Dann kommen wir zur Frage der Arbeitsplätze: Die Ruag hat in den letzten Jahren rund 35 Millionen Franken in die Ammotec in Thun investiert. Die Ammotec gehört damit zur modernsten Munitionsfabrik in Europa. Munitionsproduktion ist ein automatisiertes Massengeschäft. Da spielen die Löhne eine weniger grosse Rolle als dort, wo vieles in Handarbeit zu verarbeiten ist. Auch das hat sich entsprechend geändert. Kommt hinzu - und das ist der Auftrag des Parlamentes -, dass wir bei der Ruag, die aus den Rüstungsbetrieben der Armee entstanden ist, eine Aufteilung vorgenommen haben. Der Ruag-Unterhaltsteil ist für die Armee zuständig: für den Unterhalt der Truppe und der Geräte. Dieser Teilbereich bleibt beim Bund. Den Bereich, von dem wir meinen, dass der Bund ihn nicht benötigt, möchten wir ausgliedern und sind daran, das zu tun.

Was benötigt der Bund nicht? Die Ruag ist in der Raumfahrt tätig mit einem Betrieb, den wir damals von Oerlikon-Bührle übernommen haben. Muss sich der Bund mit einer Produktionsstätte in der Raumfahrt engagieren? Muss sich der Bund im Bereich der Munitionsproduktion betätigen? Wir kommen zum Schluss, dass das keine Bundesaufgaben sind und dass überall dort, wo Private das machen können, nicht der Staat eine Aufgabe wahrzunehmen hat.

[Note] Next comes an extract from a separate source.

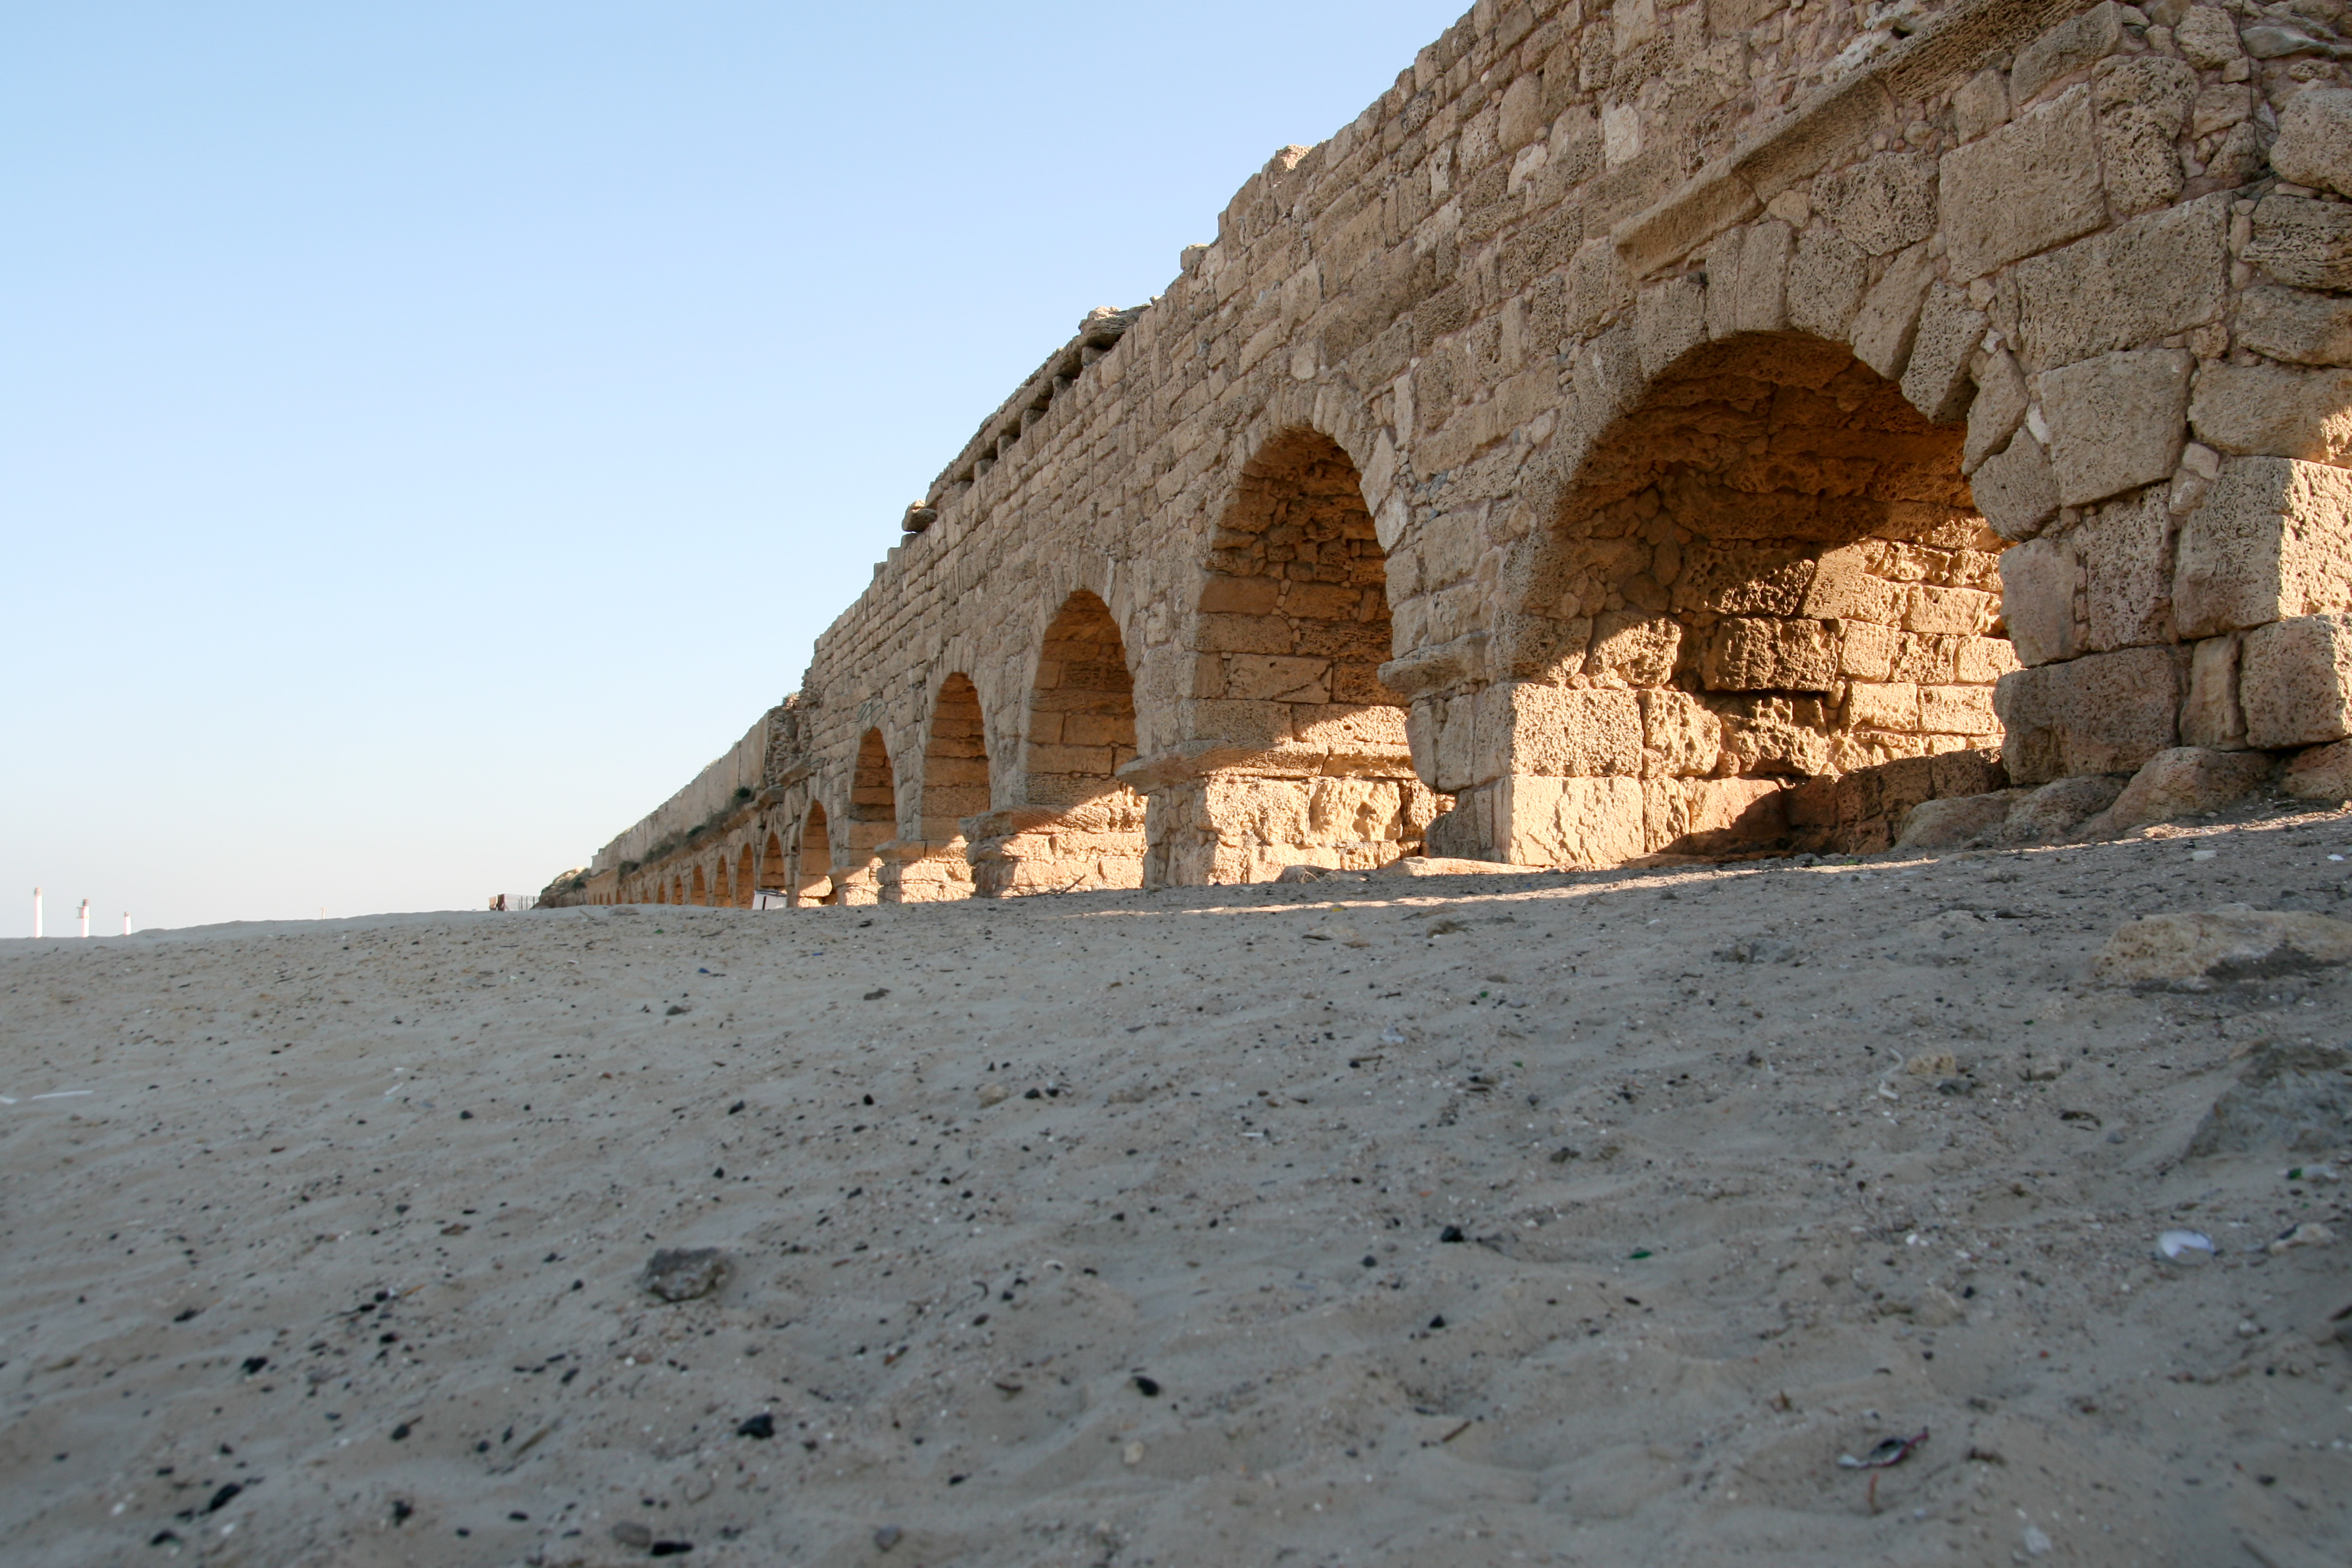 Roman aqueduct in Caesarea Maritima (source: Wikimedia Commons)

In diesem Bereich werden etwa 5 Prozent für die eigene Armee produziert, und 95 Prozent gehen in den Export. Ich [PAGE 32] glaube nicht, dass man immer noch sagen kann, das sei eine Aufgabe des Bundes.

Ich bitte Sie, diese Motion nicht anzunehmen. Denn wir möchten die Ammotec abstossen, damit wir den Übergang der Ruag finanzieren können. Die Ruag hat, Sie haben das gehört, grosse Probleme. Die Ruag musste Stellen abbauen und muss weitere Stellen abbauen. Wir brauchen diese Mittel auch, damit nicht der Steuerzahler zur Kasse gebeten wird, um Sanierungsbeiträge für die Ruag zu gewährleisten. Mit dem Verkauf der Ammotec haben wir die Möglichkeit, die Ruag mit dem Ertrag, der so erwirtschaftet wird, zu sanieren.

Noch einmal: Für die Armee ist die Ammotec heute nicht mehr relevant, weil für die Munition, die produziert wird, ohnehin Bestandteile eingekauft werden müssen. Sonst kann das nicht gemacht werden. Der Bund ist, ganz einfach gesagt, keine Munitionsfabrik. Es ist keine Aufgabe des Bundes, Munition für andere Länder herzustellen. Wir können unsere Armee versorgen. Die Arbeitsplätze bleiben gewährleistet.

Ich bitte Sie also, die Motion nicht anzunehmen.